The National Cancer Intelligence Network report “Cancer by Deprivation in England” which examined the variation of cancer incidence and mortality by socio-economic deprivation in England[23] showed that the incidence and mortality for most cancers were higher in the more deprived areas. Cancer-specific survival rate following surgery for CRC is recognised to be lower in patients with lower socio-economic status[24] but deprivation index does not have the same impact on outcome after resection of CRLM. A single-centre database study of 174 patients who underwent hepatectomy for CRLM showed that socioeconomic deprivation did not influence OS[25]. A United Kingdom national database study of 13656 patients who presented with synchronous CRC liver-limited metastases[26] and a single UK study of 303 patients who underwent resection for CRLM[27] both showed that patients with better socio-economic status were more likely to undergo liver resection. Analyses restricted to patients who underwent liver resection showed the groups did not differ with respect to recurrence and 3-year OS[26,27]. These observations are in keeping with the findings of the present study as the patient cohort was restricted to those patients who underwent liver resection. The present study used the IMD as it is the preferred index used by the United Kingdom government and is updated every 5-years. A possible explanation for CRLM patients’ outcome not being influenced by IMD may be the effective ‘hub and spoke’ working model between our tertiary HPB unit (hub) and other hospital Trusts in our network (spokes). As such, all liver resection patients receive equitable treatment in our tertiary HPB unit and a standardised follow-up irrespective of the referral centre. As there was no statistically significant relationship between IMD and use of statins or outcome of CRLM, we can conclude that IMD neither affects statin usage nor outcome of CRLM.

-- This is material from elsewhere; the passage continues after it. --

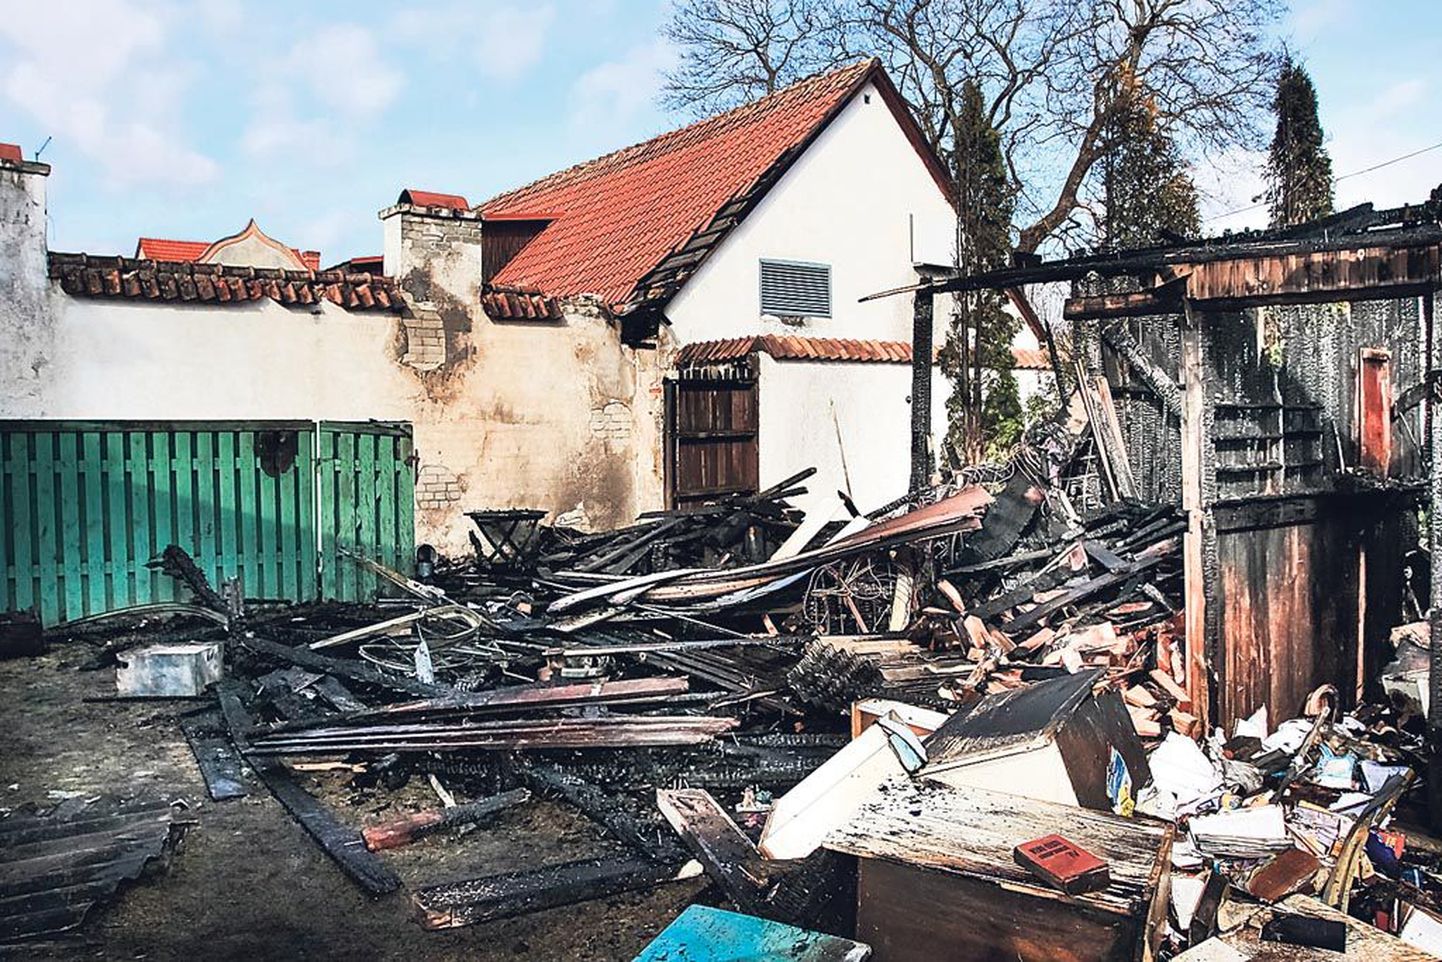 Lahtise leegiga põlenud puukuur süütas kõrval asuva trahteri Postipoiss taguse ala ja katuse. Lisaks purunesid tules pildile mitte jäänud kõrval asuva elumaja esimese korruse aknad.

The prognostic factors influencing CRLM recurrence have been extensively investigated. Liver disease burden defined by tumour number and size, is recognised to adversely affect outcome after liver resection for CRLM[28]. A recent meta-analysis to clarify controversy surrounding the role of margin status in determining prognosis of resected CRLM has shown that although an improved prognosis is seen with a margin > 1 mm, and further improved survival is noted in patients with a margin > 1 cm[29]. Previous studies have demonstrated that the effect of resection margin was influenced by tumour burden and tumour aggressiveness[28]. However, Oshi et al[30] showed that survival outcome did not differ in patients with low or high tumour burden irrespective of margin status, suggesting that response to systemic treatment may be central to achieving satisfactory outcomes. This may be due to the fact that neo-adjuvant systemic chemotherapy is considered for tumours with unfavourable biology.
Our present study also shows that peri-neural invasion (PNI) by CRLM independently predicts poor survival. PNI is a recognized route of neoplastic invasion and has been reported for a variety of tumours but the pathogenesis of PNI remains undefined.
In contrast with our current and previous[9,11] results where the presence of PNI was associated with poorer OS in patients with treated with liver resection for CRLM, other researchers have not observed this finding irrespective of type of immunohistochemistry staining[31]. Despite guidance from the National Comprehensive Cancer Network recommending that adjuvant chemotherapy is used in patients with early colon cancer demonstrating PNI[32], there have been no studies specifically assessing the role of PNI in the management of CRLM.
Our study is the first evaluation of statin’s effect on outcome of curative resection of CRLM in patients who were regular statin users prior to diagnosis of CRLM. We have addressed the important question of whether statins can alter the biology of CRLM. The occurrence of CRLM cannot realistically be predicted for any one patient, so our retrospective study offers the most pragmatic method to study the subject. To ensure validity of results, our analyses incorporated multiple variables known to affect tumour biology. Reflecting real-life clinical practice, our patients were treated with a range of statins.
Statins differ in their pharmacological properties as some may be hydrophilic (such as Rosuvastatin and Pravastatin), others may be lipophilic (such as Atorvastatin, Simvastatin, and Fluvastatin), and there are also differences in their ability to lower low density lipoprotein cholesterol. There is no published evidence suggesting that different types of statins differ in the potential beneficial effect on cancer, and so we have not interrogated outcomes for individual statins. It would be interesting to see if a future prospective controlled study to test the role of statins in resected CRLM will detect differences in anti-cancer effect between statin subtypes. The study would have to be sufficiently powered as only 50% of CRC patients develop CRLM of which only 10%-20% are candidates for curative resection[33].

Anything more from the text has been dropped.